Annual Report — Form 10-K
Filing Table of Contents
Document/Exhibit Description Pages Size
1: 10-K Enron Corp. 1995 Form 10-K 121± 514K
2: EX-3.02 Bylaws of Enron Corp. 22± 91K
3: EX-10.02 First Amendment to Enron Executive Supplemental 1 10K
Survivor Benefits Plan
4: EX-10.06 First Amendment to Enron Corp. 1988 Deferral Plan 1 9K
5: EX-10.07 Second Amendment to Enron Corp. 1988 Deferral Plan 2± 11K
6: EX-10.10 First Amendment to Enron Corp. 1992 Deferral Plan 2± 11K
7: EX-10.11 Second Amendment to Enron Corp. 1992 Deferral Plan 3± 16K
8: EX-10.31 Second Amendment to Employment Agreement of Rodney 3 21K
L. Gray
9: EX-10.35 Fourth Amendment to Consulting Services Agreement 3± 14K
of John A. Urquhart
10: EX-10.36 Fifth Amendment to Consulting Services Agreement 3± 14K
of John A. Urquhart
11: EX-10.37 Sixth Amendment to Consulting Services Agreement 1 10K
of John A. Urquhart
12: EX-10.46 First Amendment to Enron Corp. Performance Unit 1 10K
Plan
13: EX-10.48 First Amendment to Enron Corp. 1994 Deferral Plan 1 10K
14: EX-10.49 Second Amendment to Enron Corp. 1994 Deferral Plan 3± 15K
15: EX-11 Statement Re Computation of Per Share Earnings 1 10K
16: EX-12 Statement Re Computation or Ratios 1 9K
17: EX-21 Subsidiaries of Registrant 11± 44K
18: EX-23.01 Consent of Independent Public Accountants 1 10K
19: EX-23.02 Consent of Degolyer and Macnaughton 1 12K
20: EX-23.03 Letter Report of Degolyer and Macnaughton 3± 15K
21: EX-24 Powers of Attorney 13 37K
22: EX-27 Article 5 FDS for Year End 1995 1 9K
EX-10.11 — Second Amendment to Enron Corp. 1992 Deferral Plan
Exhibit 10.11
SECOND AMENDMENT TO
ENRON CORP. 1992 DEFERRAL PLAN
WHEREAS, Enron Corp. (the "Company") has heretofore
adopted the Enron Corp. 1992 Deferral Plan (the "Plan"); and
WHEREAS, the Board of Directors of the Company has
determined and authorized that the Plan be amended to
provide for a new investment election by Participants, and
to provide for the adoption of a trust, the assets of which
will be used to make or reimburse the Company for payments
under the Plan;
NOW, THEREFORE, the Plan is amended as follows:
1. The following new Article XII is added to the
Plan:
"ARTICLE XII
SPECIAL INVESTMENT ELECTIONS
12.1 One Time, Irrevocable Election.
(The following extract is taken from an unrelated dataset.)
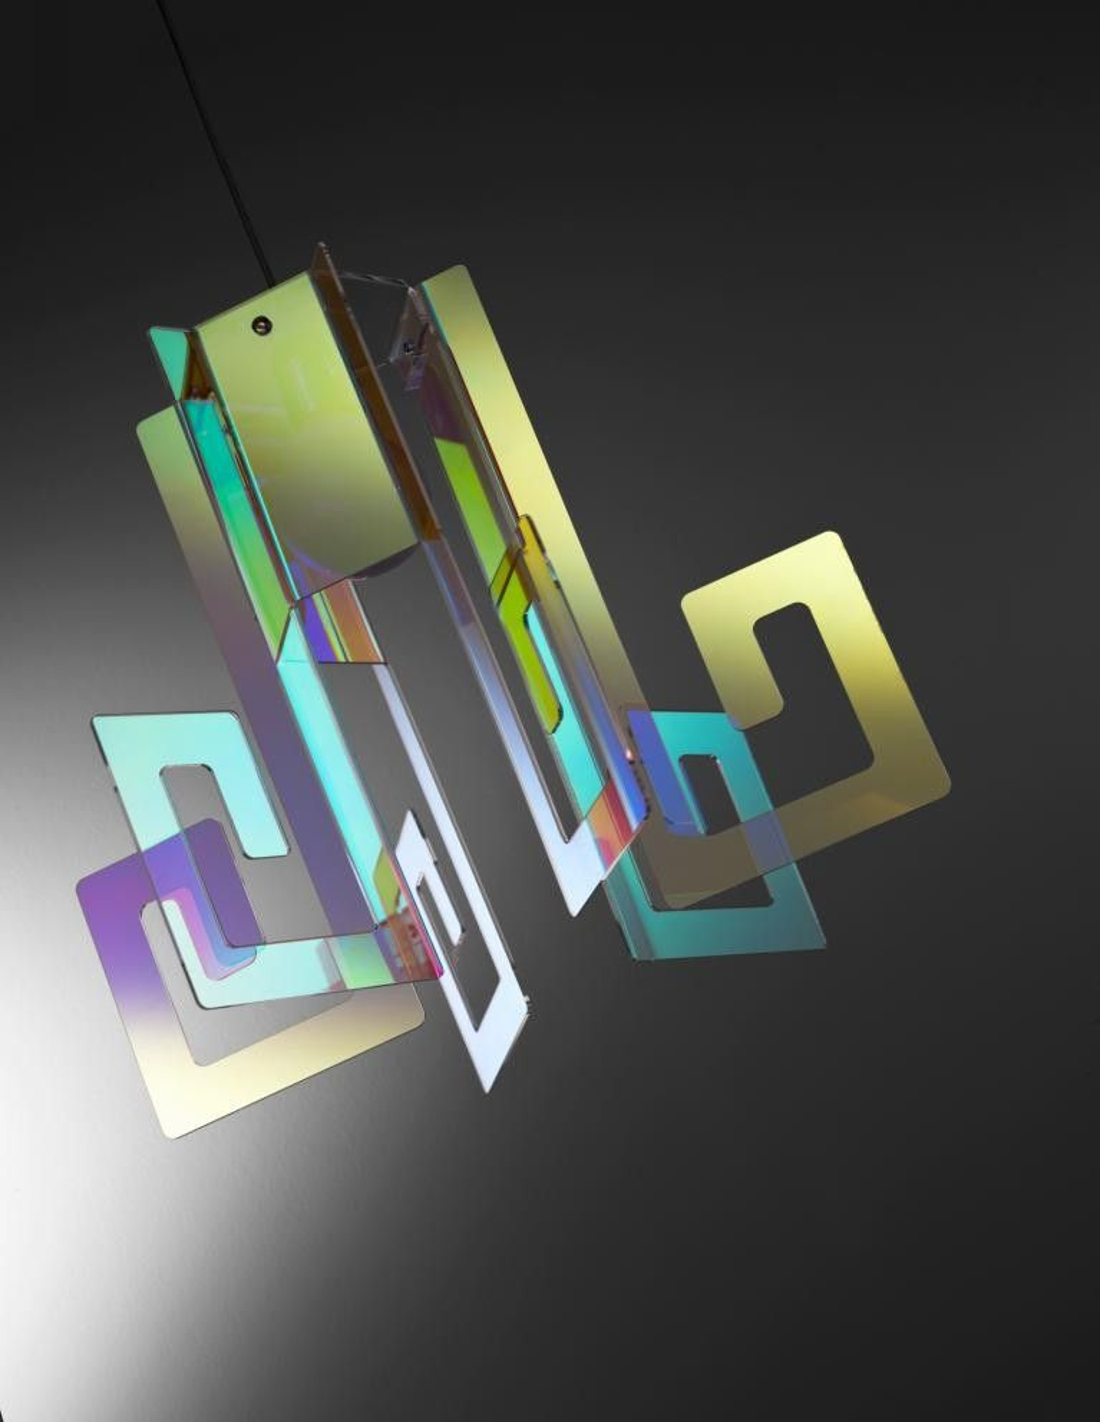 lampadari in plexiglass : Korona lampadario moderno a sospensione in plexiglass

Notwithstanding
any other provision of the Plan to the contrary, by giving
written notice to be received by the Committee prior to
December 31, 1995, on a form acceptable to the Committee, a
Participant may make a one time irrevocable election,
effective January 1, 1996 to have the Participant's Deferred
Benefit Account become subject to the provisions of this
Article XII.
12.2 Investment Choice. A Participant may choose to
have the balance of the Participant's Deferred Benefit
Account treated as having been invested in a Flexible
Deferral Account ("FDA"). A Participant's Deferred Benefit
Account subject to this FDA will be treated as if it had
been directed by the Participant into various investment
choices, as determined by the Committee. Allocation of
investment choices within the FDA shall be made in
increments of not less than 25% of a Participant's account
balance. Participants may choose investments once each
year.
12.3 Earnings. A Participant's Deferred Benefit
Account shall include earnings thereon accrued pursuant to a
Participant's election under this Article XII, as a
liability of the Company to the Participant. The Deferred
Benefit Account and FDA shall be utilized solely as a device
for the measurement and determination of the amount to be
paid to the Participant pursuant to this Plan. Under the
FDA, Participants will be asked to select investment funds
for their account balances, and returns on Deferred Benefit
Accounts will be based upon the performance of the
Participant's investment choices, less an administrative fee
to be determined by the Company. Investment options will
include different levels of risk and return such as growth,
balanced asset and bond funds, fixed interest accounts, etc.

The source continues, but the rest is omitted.